Diverse coincidenze ci hanno
fatto riprendere in mano il libro del Gattopardo
di Giuseppe Tomasi di Lampedusa ma quella più clamorosa fu la notizia sulla
salute dell’attore francese Alain Delon. La nostra generazione si innamorava di
questo bel attore francese che interpretava brillantemente il giovane siciliano
Tancredi nella famosa versione cinematografica
di Luchino Visconti. Lo vedevamo sullo schermo fiero, con gli occhi
sorridenti velati da una leggera ironia ma pieni di vita. Ora il Giornale di
Sicilia ha pubblicato una delle foto della sua foto-galleria
dedicata all’attore che pare sia la più cliccata in questo periodo. Vediamo un
Alain Delon sempre bello ma serio con gli occhi quasi tristi. Gli auguriamo
quindi pronta guarigione e tanta voglia di
vivere e di combattere con i suoi acciacchi, l’arte di cui sono maestri
tanti nostri amici settantenni.
E’ sempre bello rileggere un
buon romanzo perché ti offre delle nuove scoperte. Questa volta ci “aiuta” la
prefazione di Luois Aragon, lo scrittore
francese impegnato nel Partito Comunista Francese che fu invitato a scrivere la
prefazione della traduzione del libro in ceco, uscita nel 1968. All’inizio
descrive come è stata accettata la traduzione francese: grande successo dai
lettori ma da parte della critica letteraria quasi rifiutato con il giudizio di
un romanzo che segue i vecchi canoni letterari, che ignora le tecniche moderne
della “nouvelle vague”, che descrive la Sicilia solo dal punto di visita di una classe
sociale in declino, gli aristocratici, e
non la vera vita del popolo italiano. In breve non è una “letteratura
impegnata”.
Aragon forma la sua opinione autonomamente, non segue
i suoi colleghi di sinistra che per principio rifiutano la filosofia
“siciliana” di Giuseppe Tomasi di Lampedusa, un nobile, che quindi deve
denotare il declino se no persino degrado del pensiero critico solo perché
appartiene alla classe sociale condannata a perdere i suoi privilegi, e quindi
non più autorevole. Scrive: “Gattopardo
è qualcosa di più che un libro bellissimo, è uno dei più grandi romanzi di
questo secolo.”
Poi però procede guardando il
testo letterario con una lente d’ingrandimento prestata da Carlo Marx (il
procedimento usuale ai critici marxisti) quando dice: “No, non pensate che io
voglia vedere in Giuseppe Tomasi ‘un marxista’! Però non vi sembra strano che
desiderava che noi pensassimo che il suo avo poteva conoscere nel novembre 1860 Carlo Marx?”
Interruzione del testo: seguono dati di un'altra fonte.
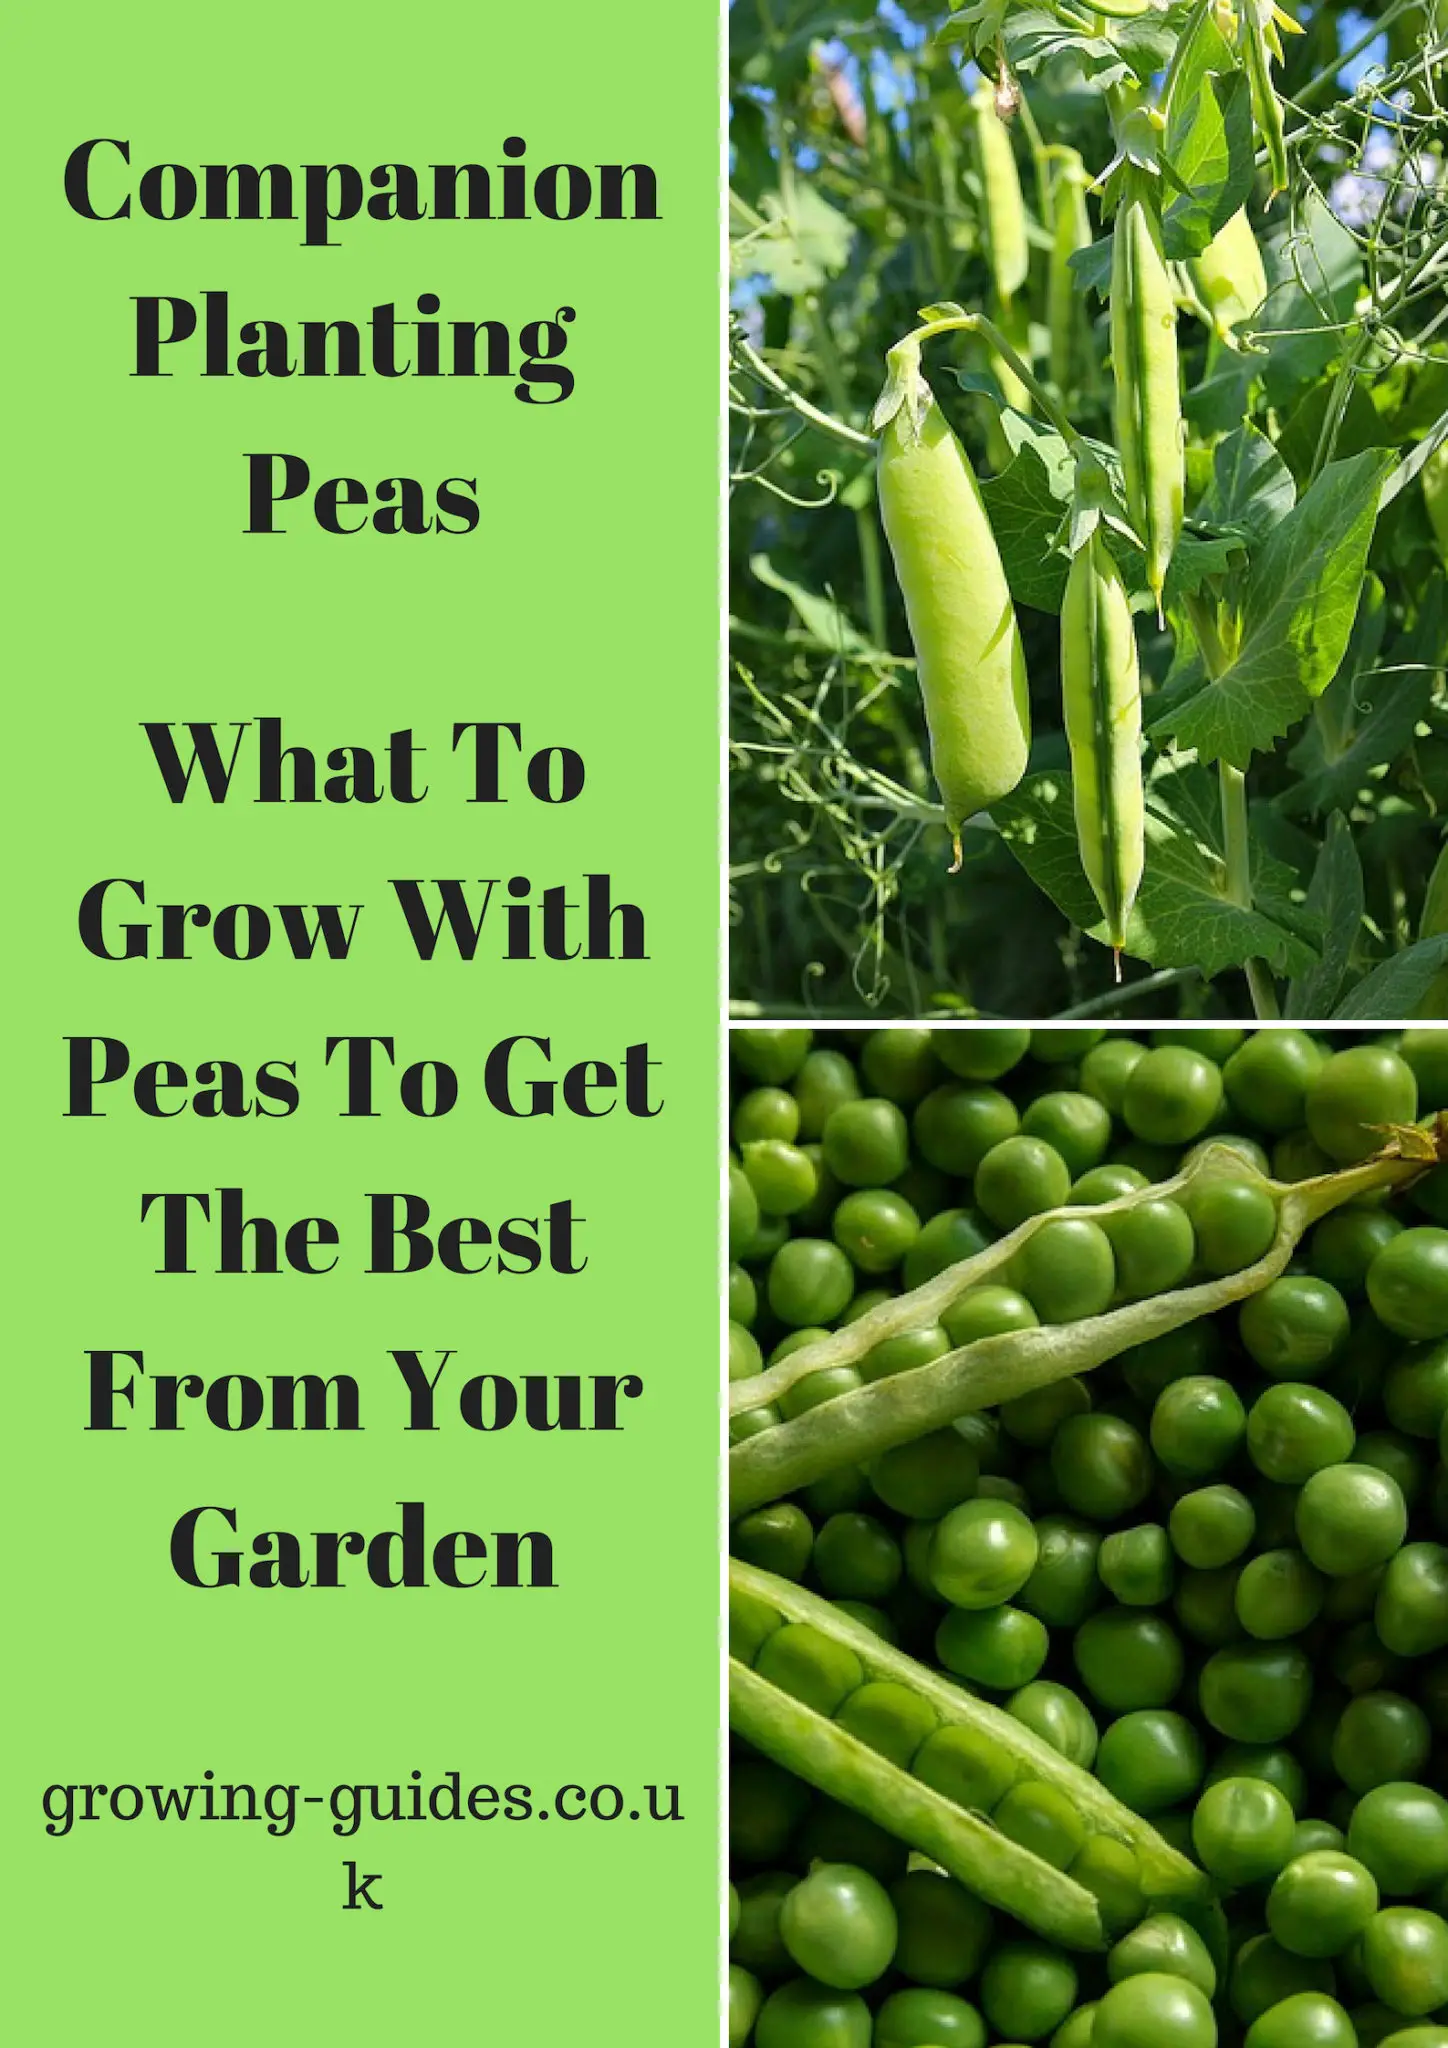 Image of Corn and peas companion planting

Non è nostra intenzione di fare
una ‘nostra’ critica letteraria di un capolavoro della letteratura italiana
tanto meno approfondire la filosofia del suo autore. Vogliamo soffermarci solo
su alcune curiosità o coincidenze che ci hanno colpito. La prima è la minuziosa
descrizione della tavola nella villa Salina pronta per la cena dove accanto
all’argenteria troviamo i calici in cristallo di Boemia con le iniziali F.D.
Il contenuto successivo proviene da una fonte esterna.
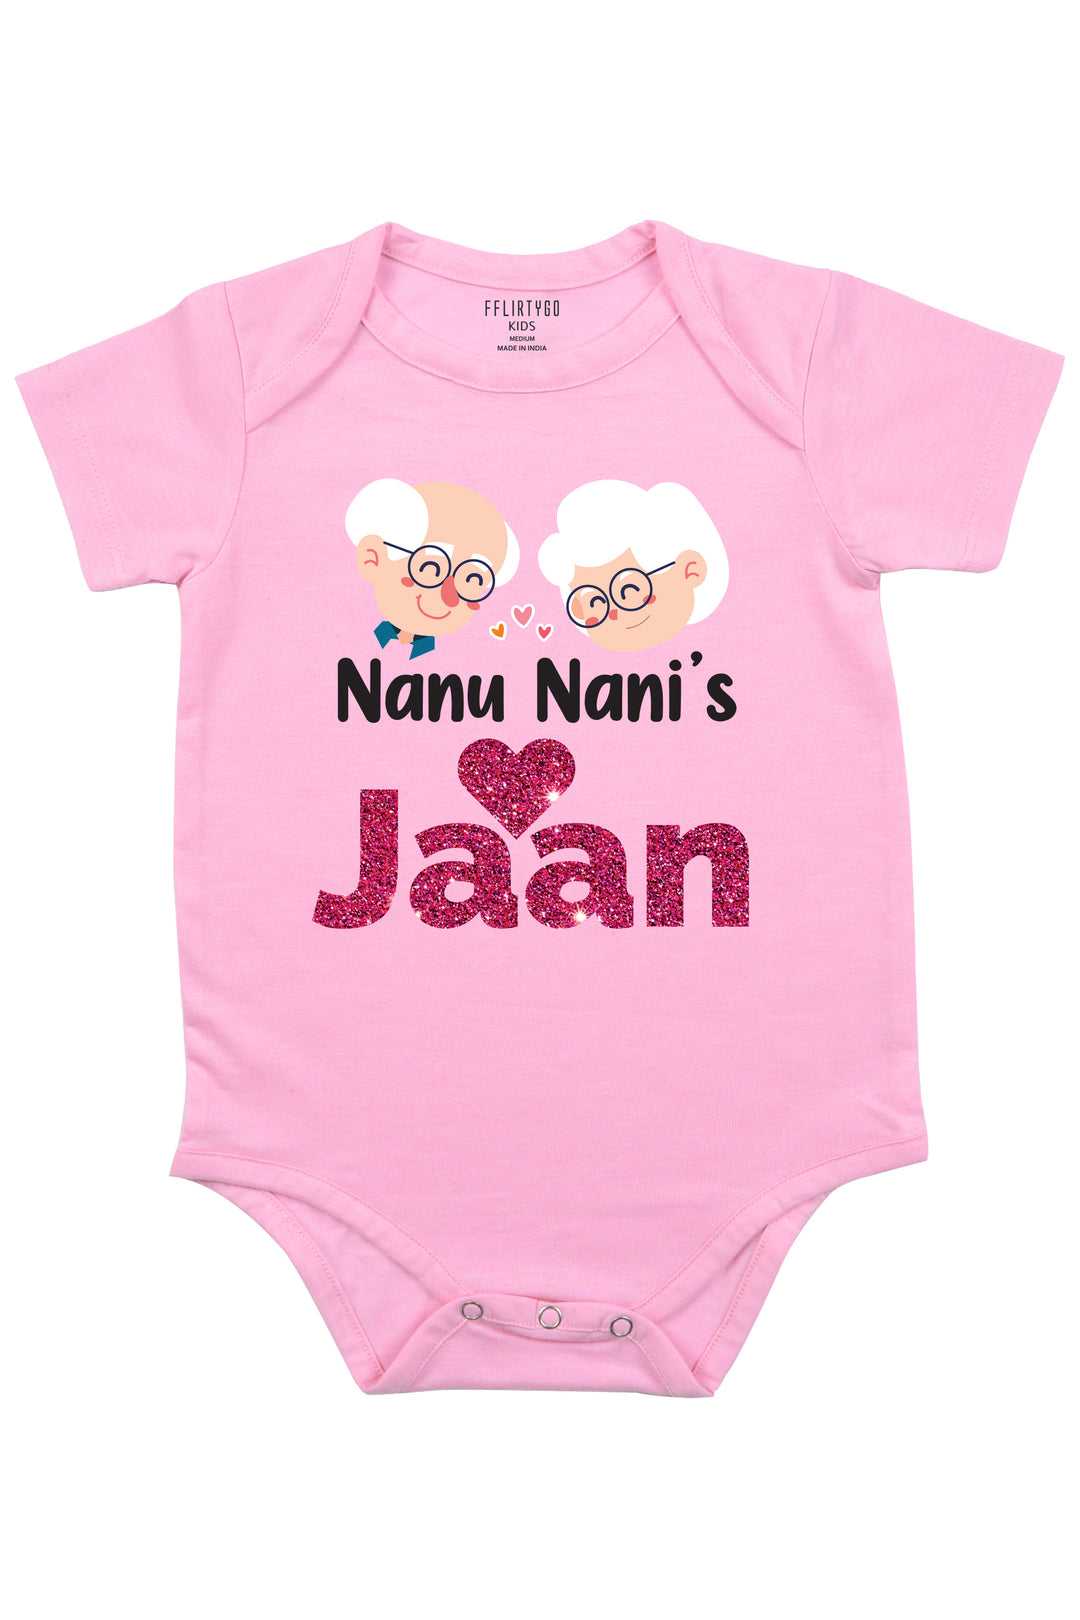 Nanu and Nani's Jaan - FflirtyGo

(Ferdinandus dedit) perché regalo dello stesso Re. Se procediamo nella lettura
troviamo le lettere sui calici sbiadite come simbolo di tutto ciò che
riguardava la monarchia e la nobiltà. Ci
piace pensare che per noi il cristallo di Boemia ha conservato il suo fascino anche con le sue forme e disegni
moderni.
La seconda coincidenza riguarda
Marineo. Don Fabrizio, con tutta la famiglia, si sta trasferendo nella sua
villa a Donnafugata e per raggiungerla da Palermo ci mette tre giorni. “La
prima notte, passata a Marineo, dall’amico notaio, era ancora sopportabile” ma
man mano che la strada sale, la comodità scompare e don Fabrizio paragona la
propria vita a questo brutto viaggio. All’inizio (quindi anche a Marineo) ha
avuto piacevoli risvolti per procedere con molte più difficoltà in montagna e
incontrare i pericoli che gli causano la disperazione. Qui ci permettete una licenza che non c’entra con l’immagine dell’autore del
Gattopardo: per noi Marineo ci
accompagna durante tutto il viaggio della nostra vita a due ed è rimasta
quell’angolo della Sicilia che ci porta allegria, amicizia e simpatia molto
lontane dalla disperazione. Sarà forse un po’ anche perché per noi rappresenta
vacanza e festa d’estate, la fatica quotidiana, la lasciamo a Milano.
La nostra riflessione sul Gattopardo ci ha portato lontano nel
tempo e nello spazio e non abbiamo qui menzionato gli spunti essenziali che lo
compongono: come i cambiamenti radicali lì descritti che portarono alla stessa situazione di prima
e come la speranza che ‘dopo’ : “governeranno solo le persone oneste e capaci”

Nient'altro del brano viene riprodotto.